クールに行きたいのに sideウゲツ
初等の七年生になると、リア先生の課題や授業に妙なものが出現し始めた。それは僕らがクレアの知識をルームで吸収しているからわかることだったんだけど、主要教科に中等二年生くらいの問題が混ざってることがあるんだ。
とりあえず答えることはできるけど、課題の量もちょっと尋常じゃない。リア先生はそういうことでうっかりミスなんてしないのになんで?と思ってお昼ごはんを食べた後で質問してみた。
「ここの子たちはね、みーんなライノのルームでアホみたいに潜在的な知識が詰め込まれてるのよ!たまにこうしてチェックしないと、個々の得意教科が見えなくなっちゃう。学舎平均の課題なんて出して全部満点取られてごらんなさいよ、せっかく伸びるものがあるのに見逃して、もったいないことになるからね」
「でもリアせんせーい、兄ちゃんも姉ちゃんもそのおかげで学舎での秘匿に苦労してんじゃーん」
「だまらっしゃいレビ!猫の庭の子供はね、魔法も体術もみーんなドS方式の英才教育されてんのよ?なんで学科だけ自重しなけりゃいけないの!どうせ突き抜けてるんだから、どこまでも行けばいいの!暴走教育ペガサスは止まらないわよっ!」
「リアせんせーい、アオイはないしょにするのがうまくないんだ~。どうすればいい?」
「アオイ、あなたのお父さんはドSの変態魔法使いだから何とかしてくれるわよ!」
「ねえリアせんせーい、僕は隠し事うまい方だとは思うけどさ、レティでさえ理科で一度失敗しちゃってるんだよ?」
「ウゲツ、何言ってるの。あなたのお父さんはドSを越えたドドSでしょうに。お父さんを見習って秘匿だの偽装だのまやかしだの口八丁手八丁だのを習えば問題ないわ」
「リアせんせーい、後ろに気を付けて…」
「何言ってるのよレビいいいたああああああっ!」
ここが教室じゃなくて一階だっていうのを忘れてないかなリア先生。ヘルゲ先生が両手でアイアンクローと顎砕き、パパは氷の芸術品みたいな「バトルアックスが脳天をカチ割ってるように見える帽子」をリア先生に被せている。

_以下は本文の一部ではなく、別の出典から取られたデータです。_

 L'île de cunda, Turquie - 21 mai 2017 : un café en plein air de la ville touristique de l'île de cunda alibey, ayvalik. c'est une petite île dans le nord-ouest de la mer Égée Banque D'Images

しかもあの冷気の流れ方からして、相当な低温で作ってあると思う。
やっぱりパパのお仕置きはクールだ、かっこいい。
僕もあれくらいできるようになりたいけど、残念ながら四属性の攻撃魔法はそこそこの威力しかないんだよね。ほら、僕の精霊って我が強いって言ったでしょ?個別対象へ心理魔法を出したり、精霊集団を叩きつけるときはすっごく嬉々としてるのに、四属性の魔法を広範囲に出してよって言うと途端に「やる気ねぇ~」って感じになっちゃうんだ。

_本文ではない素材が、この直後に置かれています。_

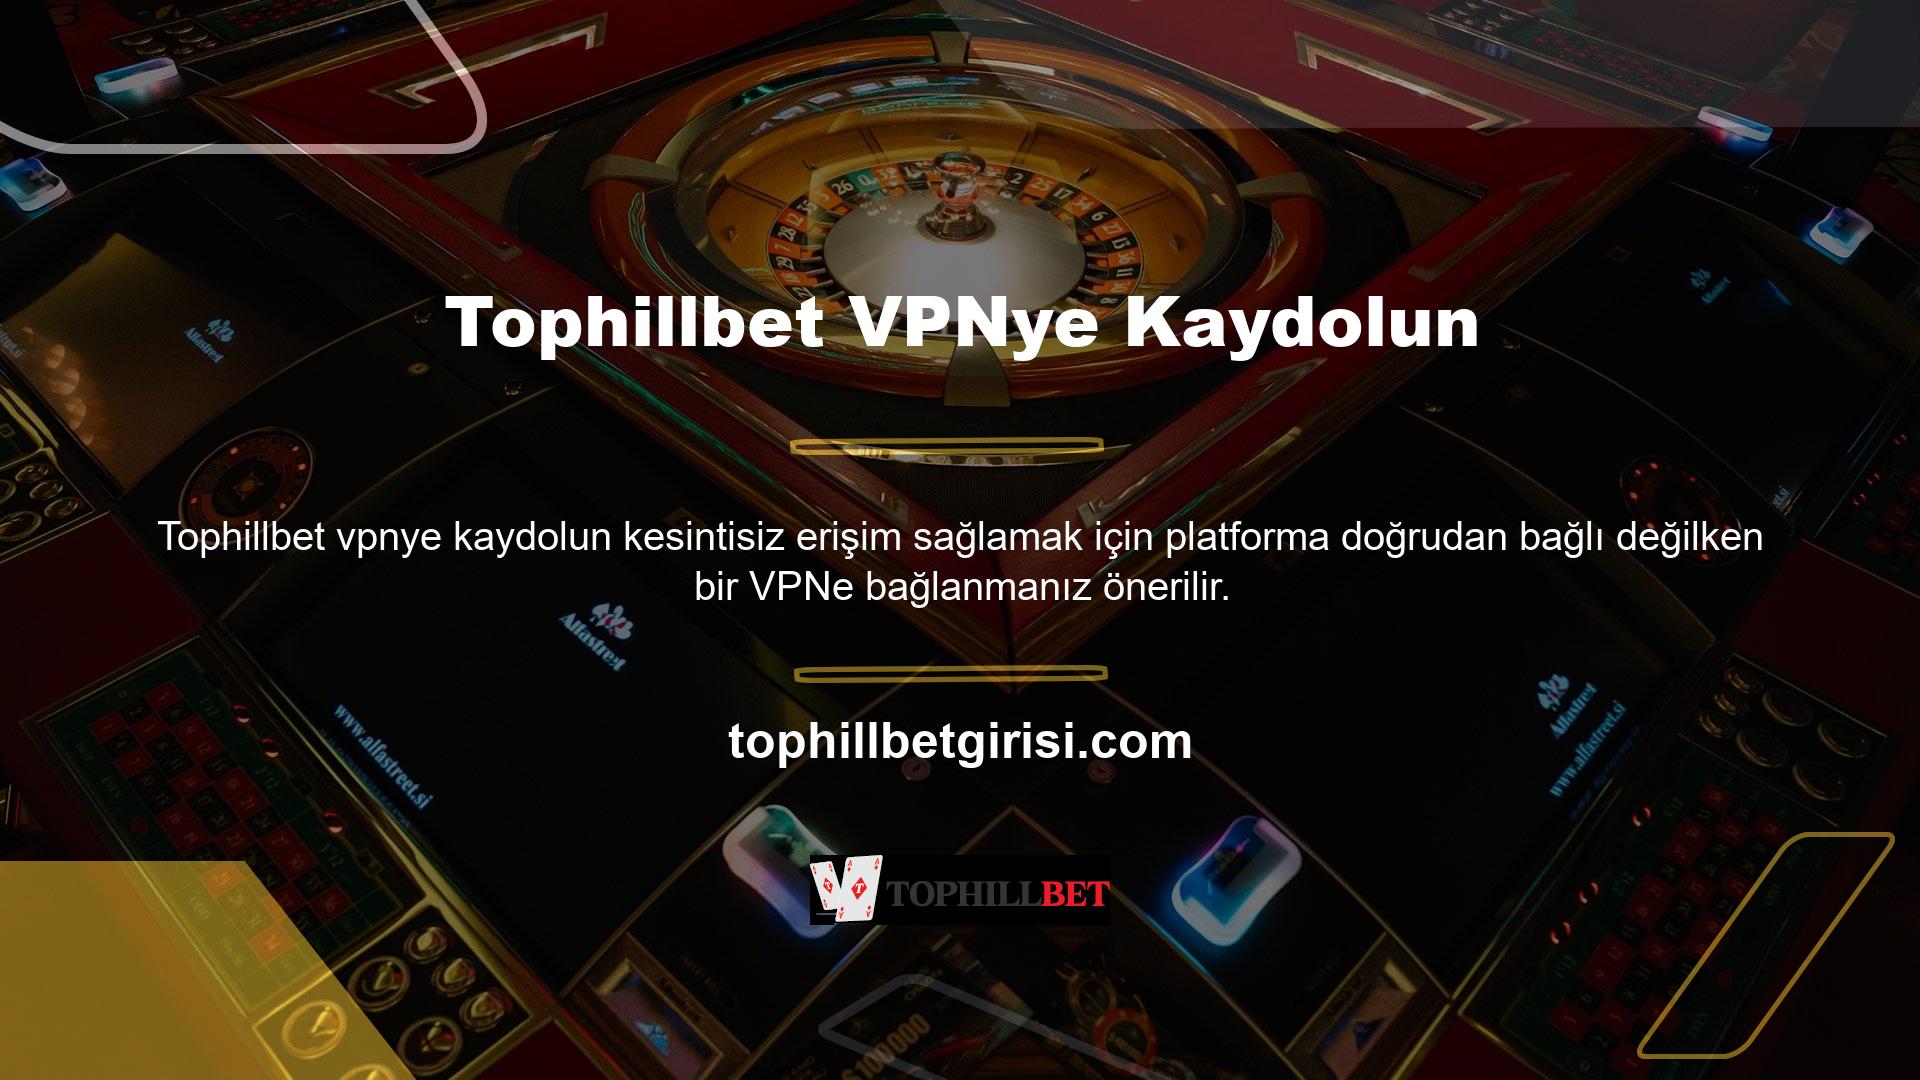 Türkiye Casino ve casino rehberinde Tophillbet adı altında iş yapma izni milletimizde tanınmıyor

まあ仕方ないかなとは思うけどね。いま僕の魔法制御力の大半はレア・ユニークに割り振られてる。だから更に精霊魔法へ制御力を割り振る余力がないんだよ。大人になればもう少しマシになるかなって期待してるんだけどさ。
リア先生の自爆も見られたし満足だと思って、レビとアオイに「修練ルームへ行ってるねー」と声をかけて移動した。でも僕は修練をしに行ってるわけじゃないんだよ。あの水晶の部屋へ行くとかなり集中できるし、「影」を出しやすいんだ。
いま僕は最大三体の影を出せる。
もっと増やしたいとこだけど、あまりに精密な魔法なのでいまのとこ三体が精いっぱい。まあ自分が合計四人になっても同じセリフをしゃべる四重奏になるだけだからさ、今日は特別な一体を出す練習をします。
これ、数回しか成功してないんだよね。
単純に僕のマナ錬成量が足りないからなんだけど、この特別な一体は「影武者」って呼んでる。元々僕の影はかなり太いマナのラインで繋がってるんだけど、例えばフィーネ先生やアルみたいなマナに敏感な人にはマナのラインがばっちり見えちゃう弱みがある。

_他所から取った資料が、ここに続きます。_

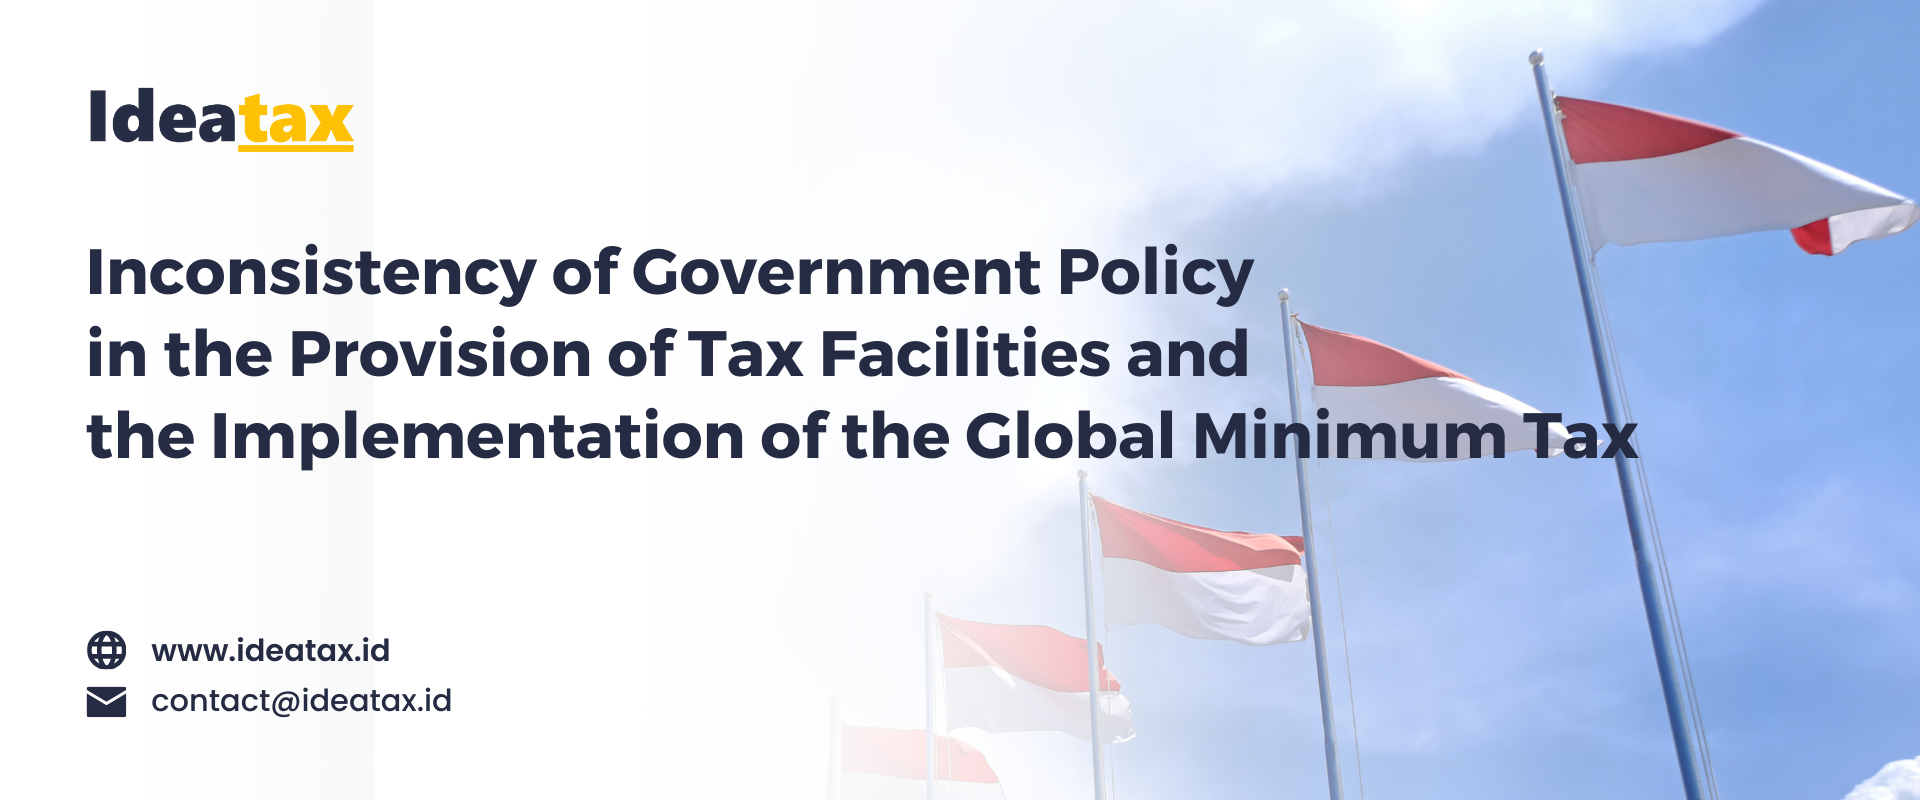 Inkonsistensi Kebijakan Pemerintah  dalam pemberian Fasilitas Perpajakan dan Penerapan Global Minimum Tax

つまりそういう人には偽物ですって宣伝してるようなものなんだよね。だからさ、一度マナのラインで僕自身の情報をかなり濃密に精霊魔法で叩き込んで固定するわけ。そうするとラインを切っても僕そっくりの影武者は動くことができる。
操作可能範囲は僕を中心に百メートルほど。これはママの影と同じくらいの距離だね。それを超えるとマナを形作る制御が効かなくなって、体がほどけちゃう。
とまあ、簡単に言えばこんな感じなんだけど。なんつってもレアユニ発動させてる時に精霊魔法も同時発動させるってのがなかなか難しいんだよねー!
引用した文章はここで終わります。